Transcribe every line from the one containing "Crumbed Whiting frozen" to the end of the listing, exactly as written, and leave out the pictures.

*** Opening of STORED DATA ***

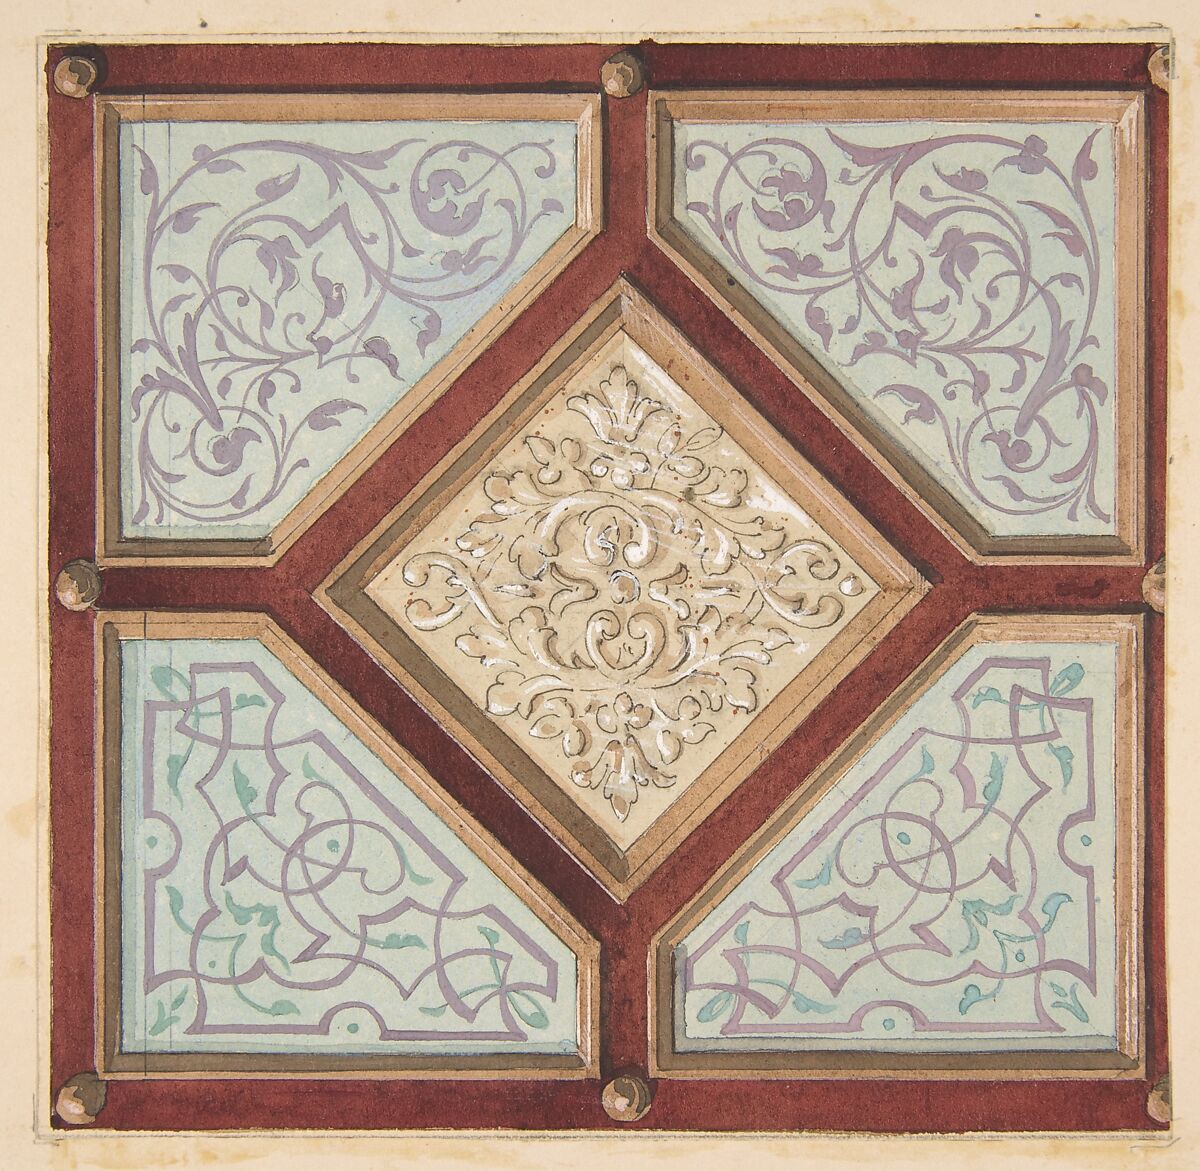 Design for a coffered ceiling with alternative decorative patterns, Jules-Edmond-Charles Lachaise (French, died 1897), Pen and ink, watercolor, and gouache on wove paper; inlaid in wove paper 
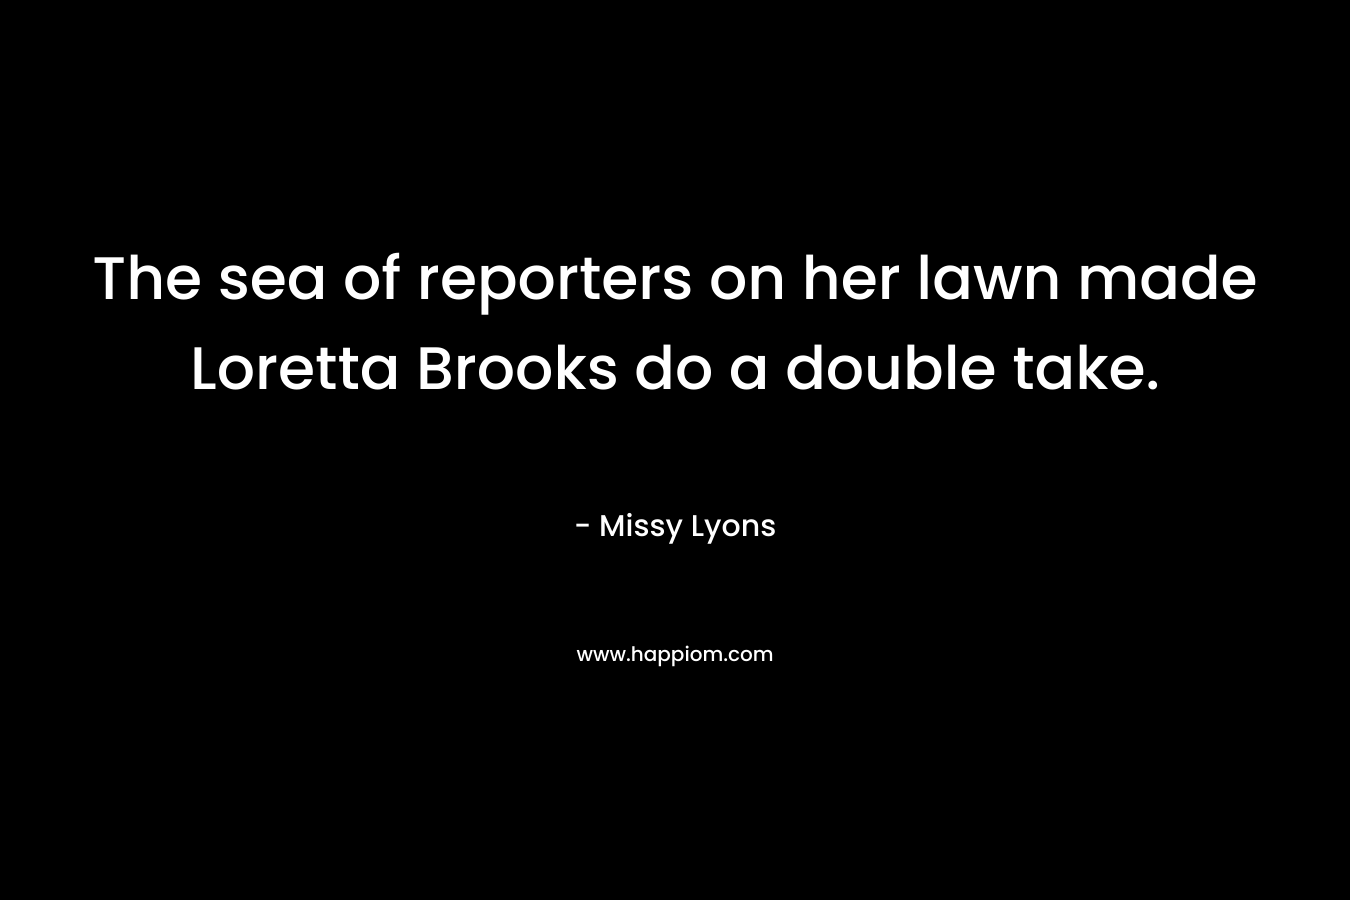 The sea of reporters on her lawn made Loretta Brooks do a double take. – Missy Lyons
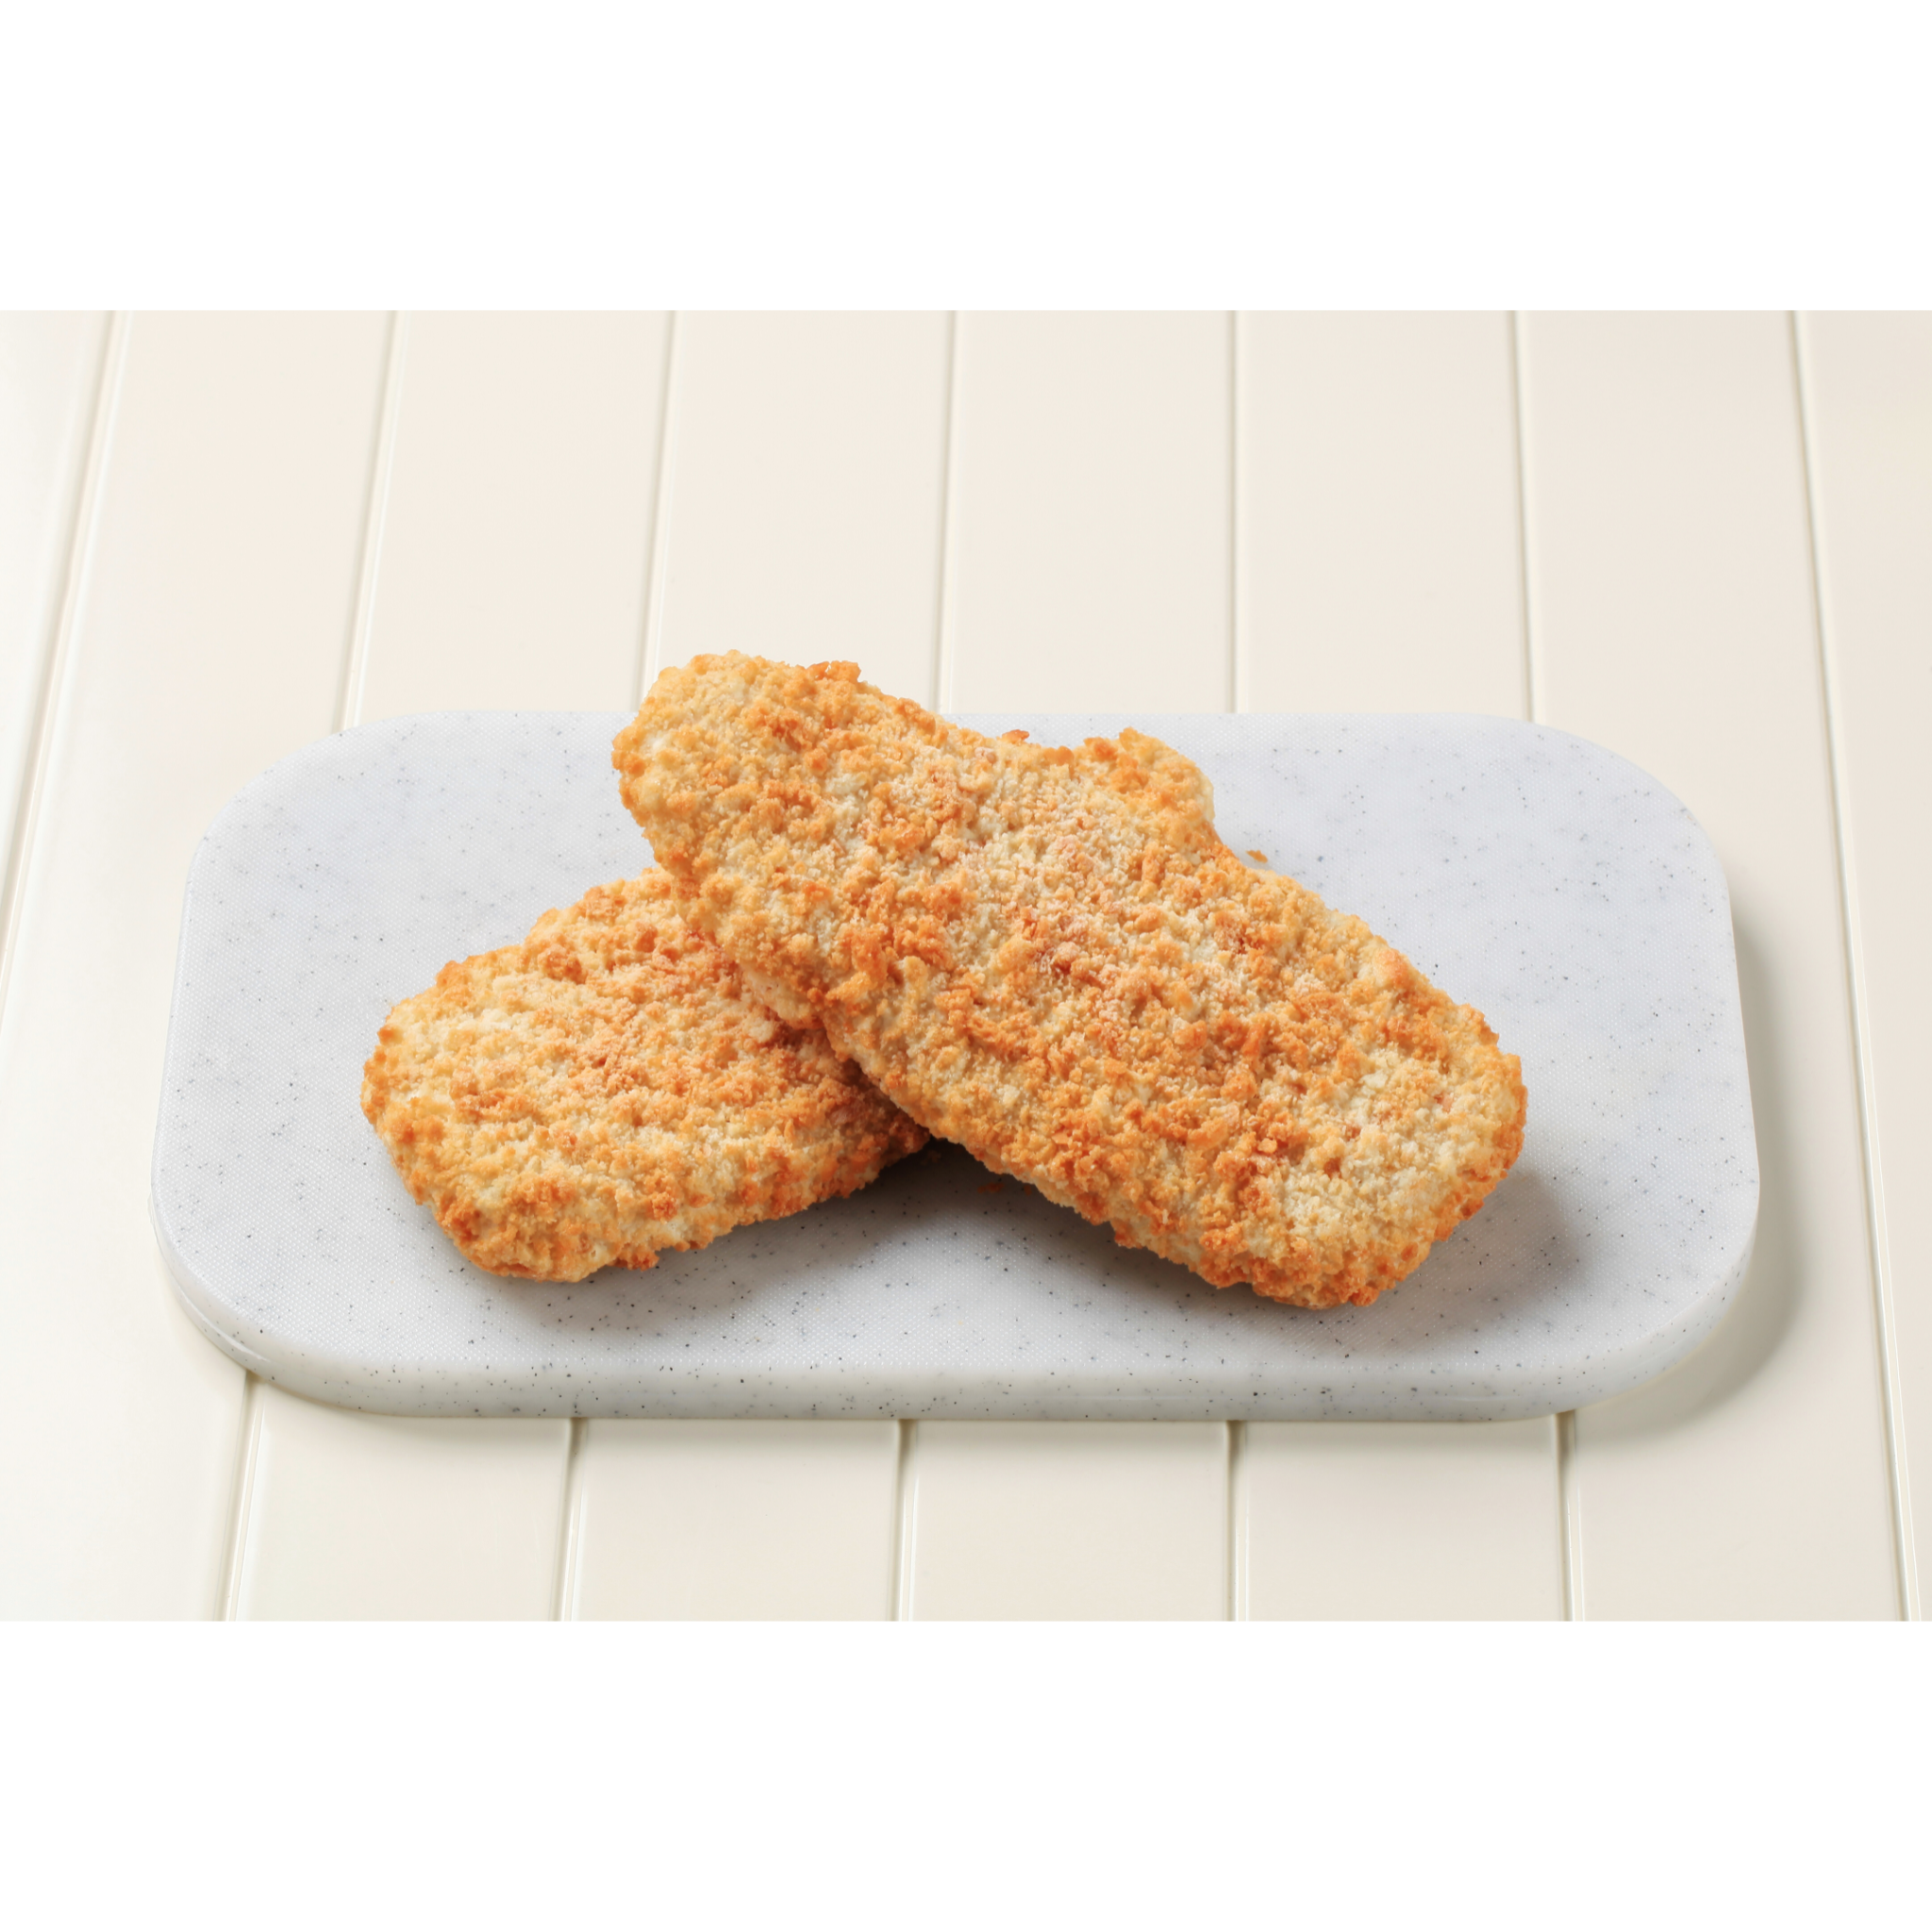 Crumbed Whiting frozen Fillets 1 KG from Steve Costi Seafood
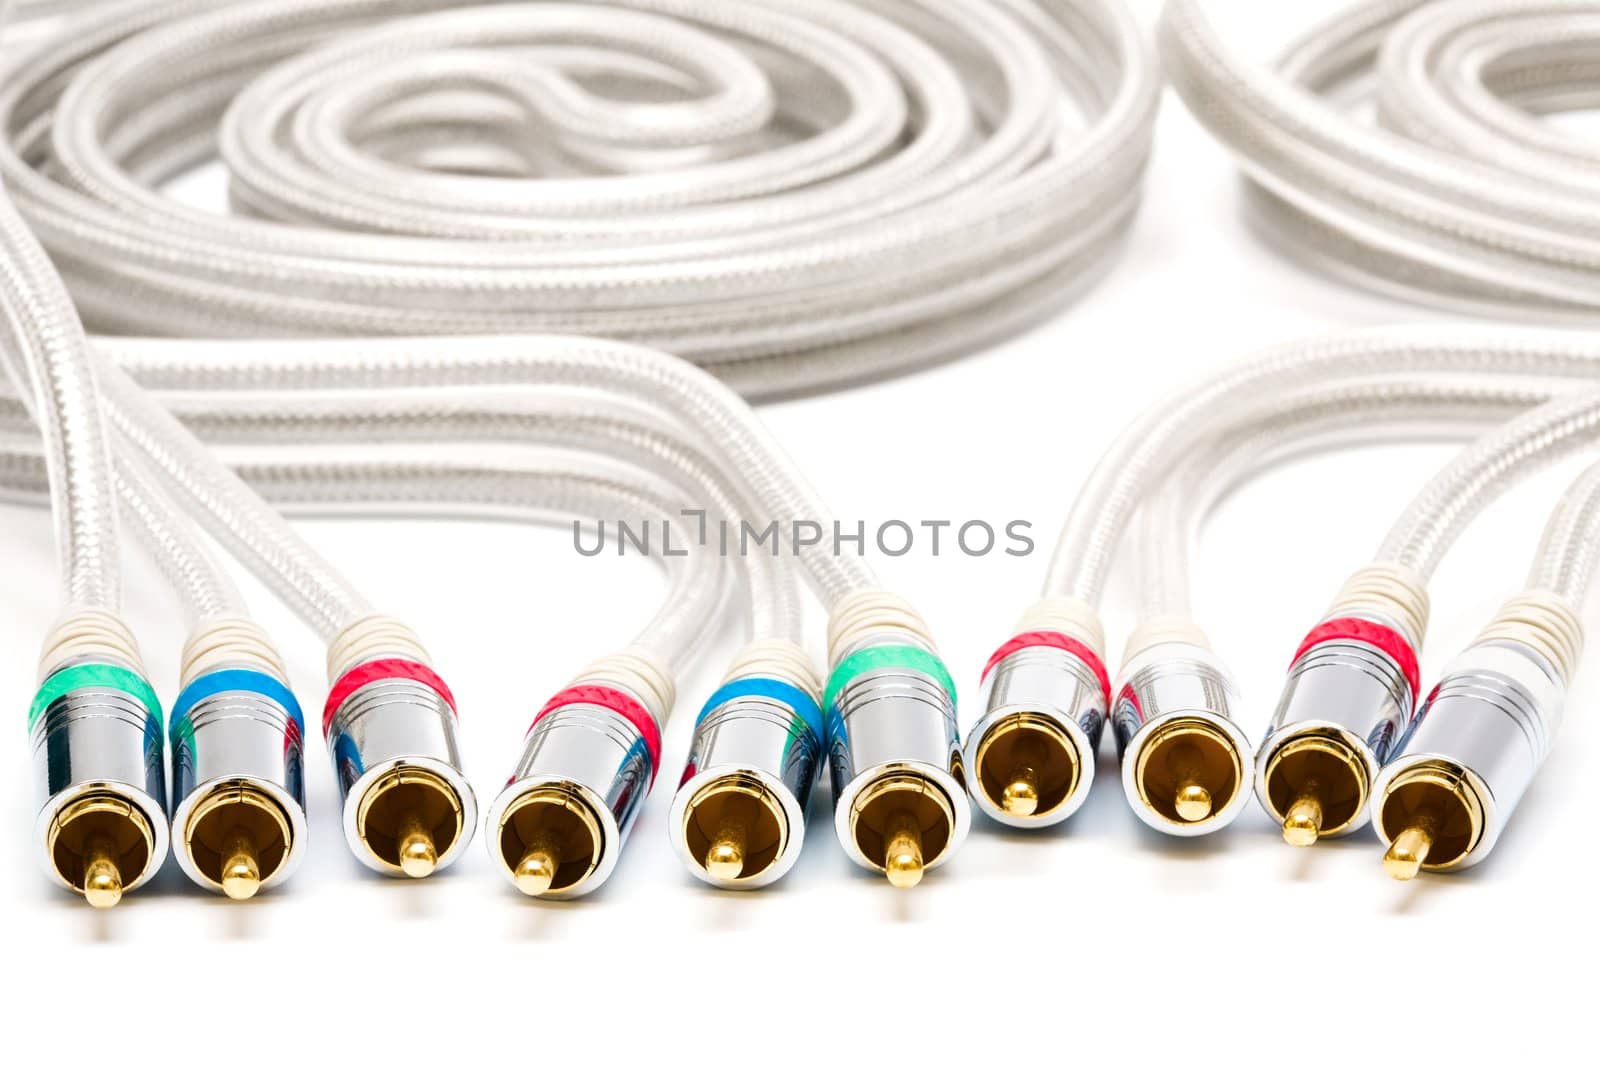 component video and audio cable with a gold covering

*** Close of STORED DATA ***

RESPONSE TO THIS TASK -
 Crumbed Whiting frozen Fillets 1 KG from Steve Costi Seafood
 component video and audio cable with a gold covering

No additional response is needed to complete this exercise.